TASK BRIEF:
Write out the lines below exactly, beginning at the one with "Audi S5 Cabriolet" and stopping after the one with "engineered hardwood floors"; the pictures are not copied.

PROVIDED DATA:
>>>>>

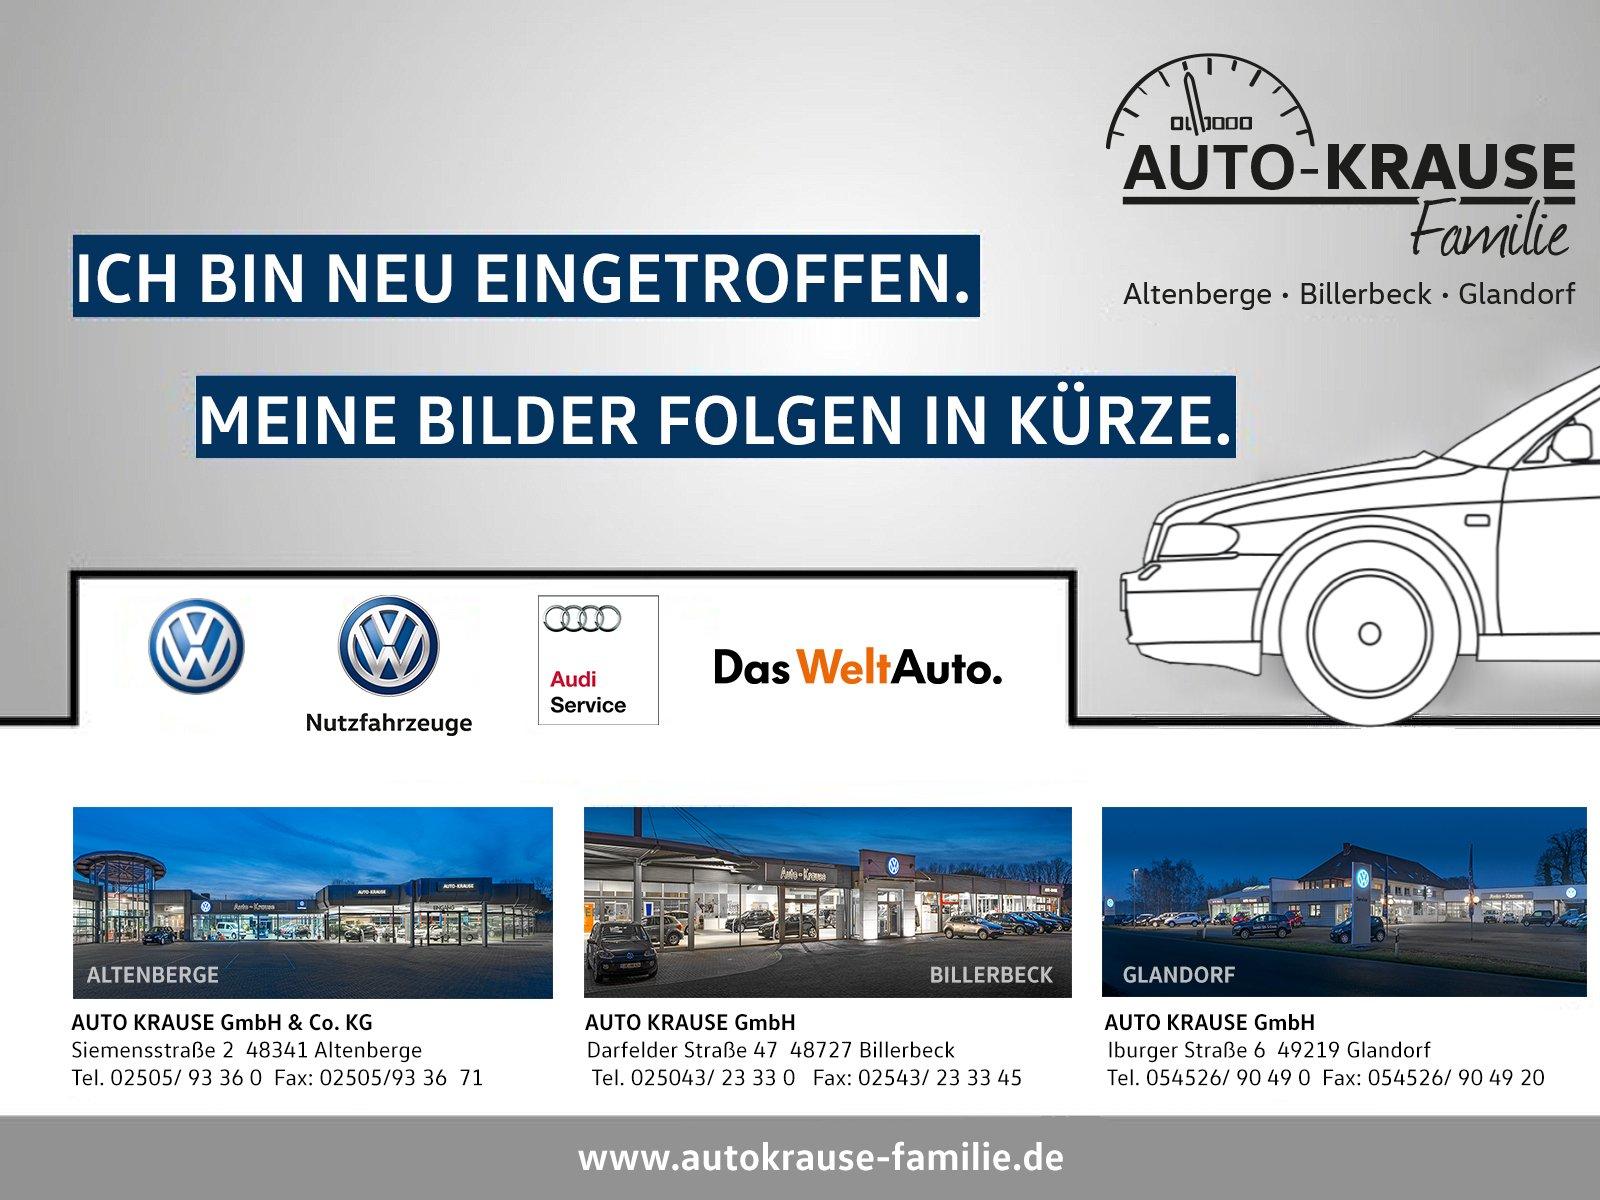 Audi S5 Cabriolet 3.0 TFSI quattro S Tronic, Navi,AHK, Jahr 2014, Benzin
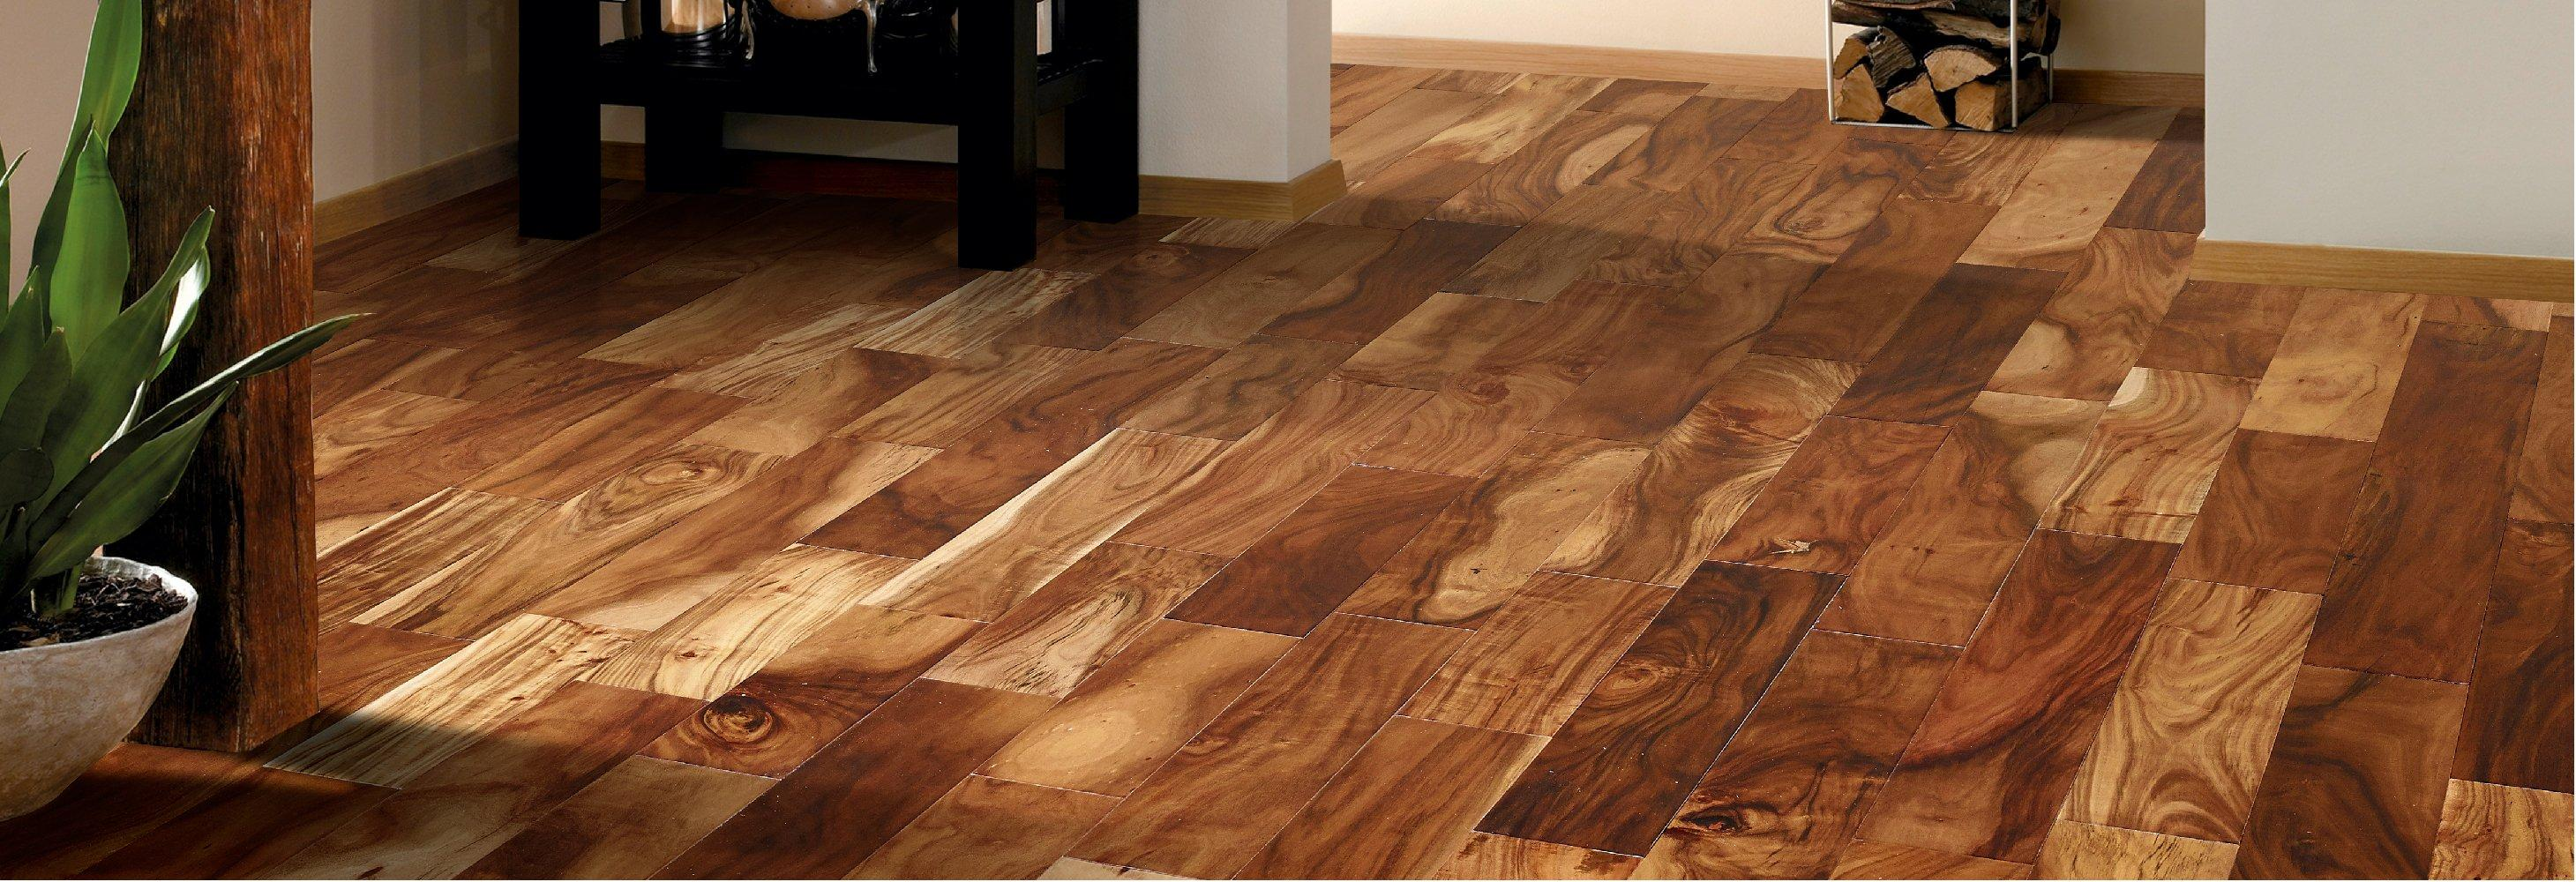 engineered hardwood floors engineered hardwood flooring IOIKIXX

<<<<<
>>>>>

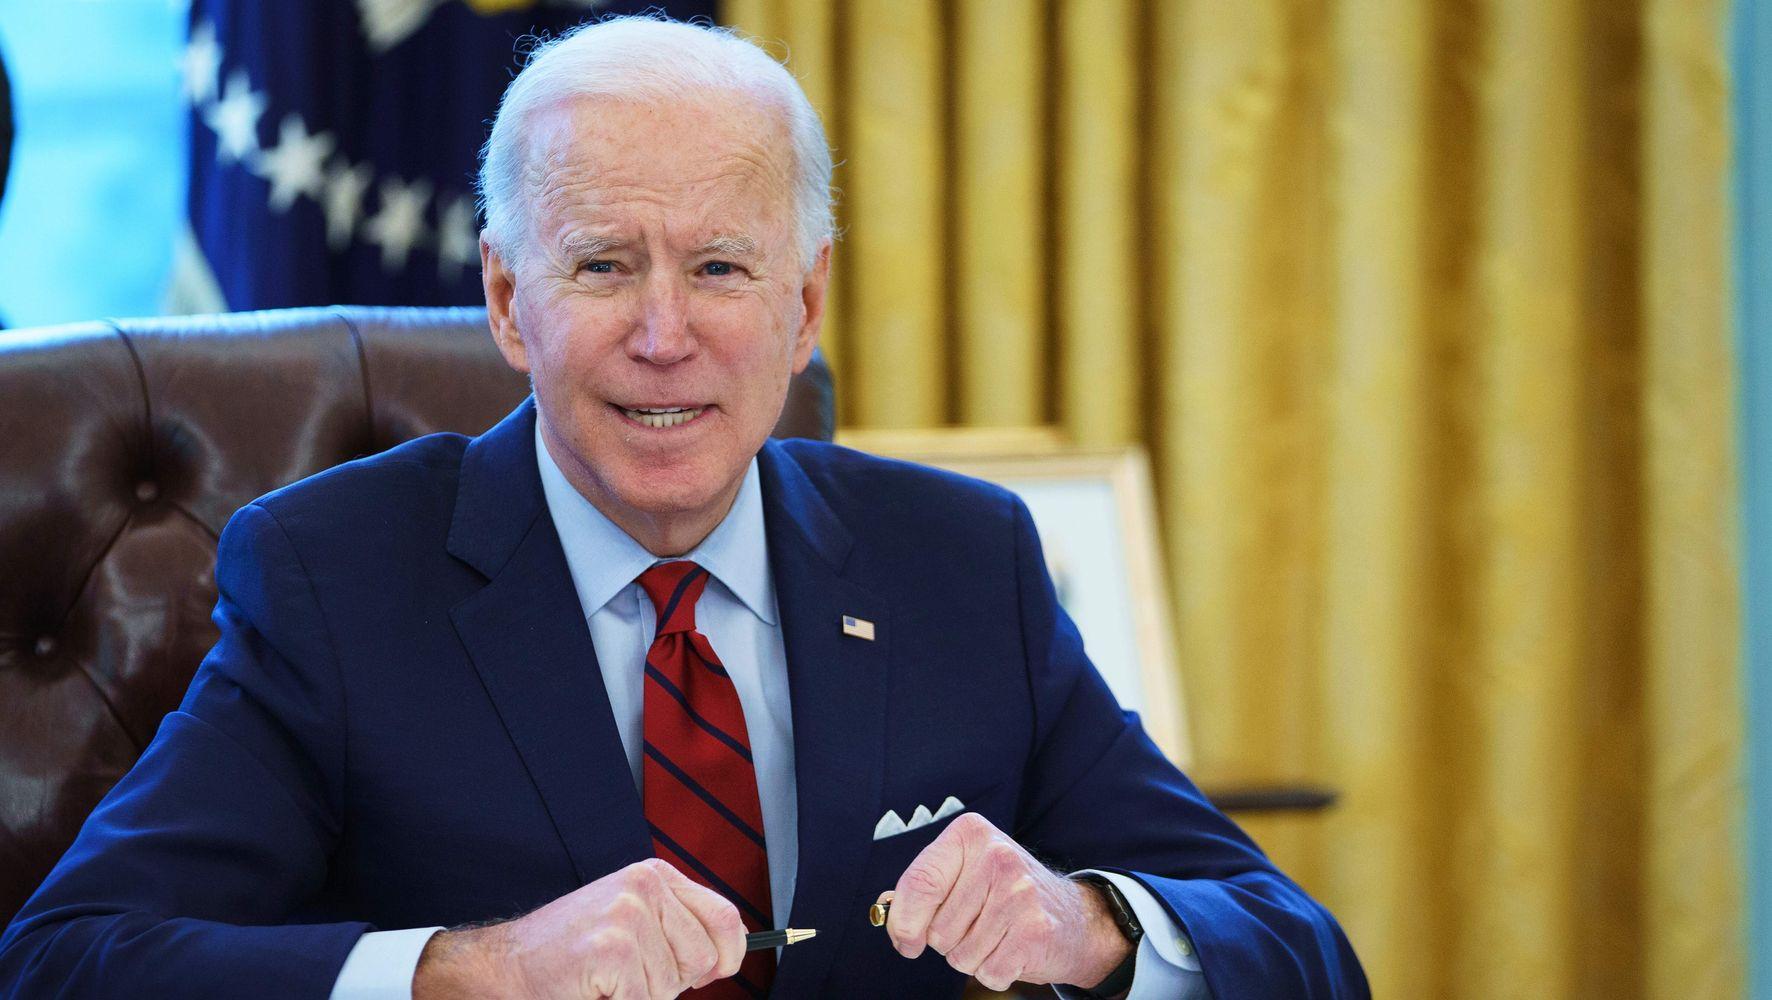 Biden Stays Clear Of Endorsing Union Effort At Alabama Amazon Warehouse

<<<<<

TASK SOLUTION:
 Audi S5 Cabriolet 3.0 TFSI quattro S Tronic, Navi,AHK, Jahr 2014, Benzin
 engineered hardwood floors engineered hardwood flooring IOIKIXX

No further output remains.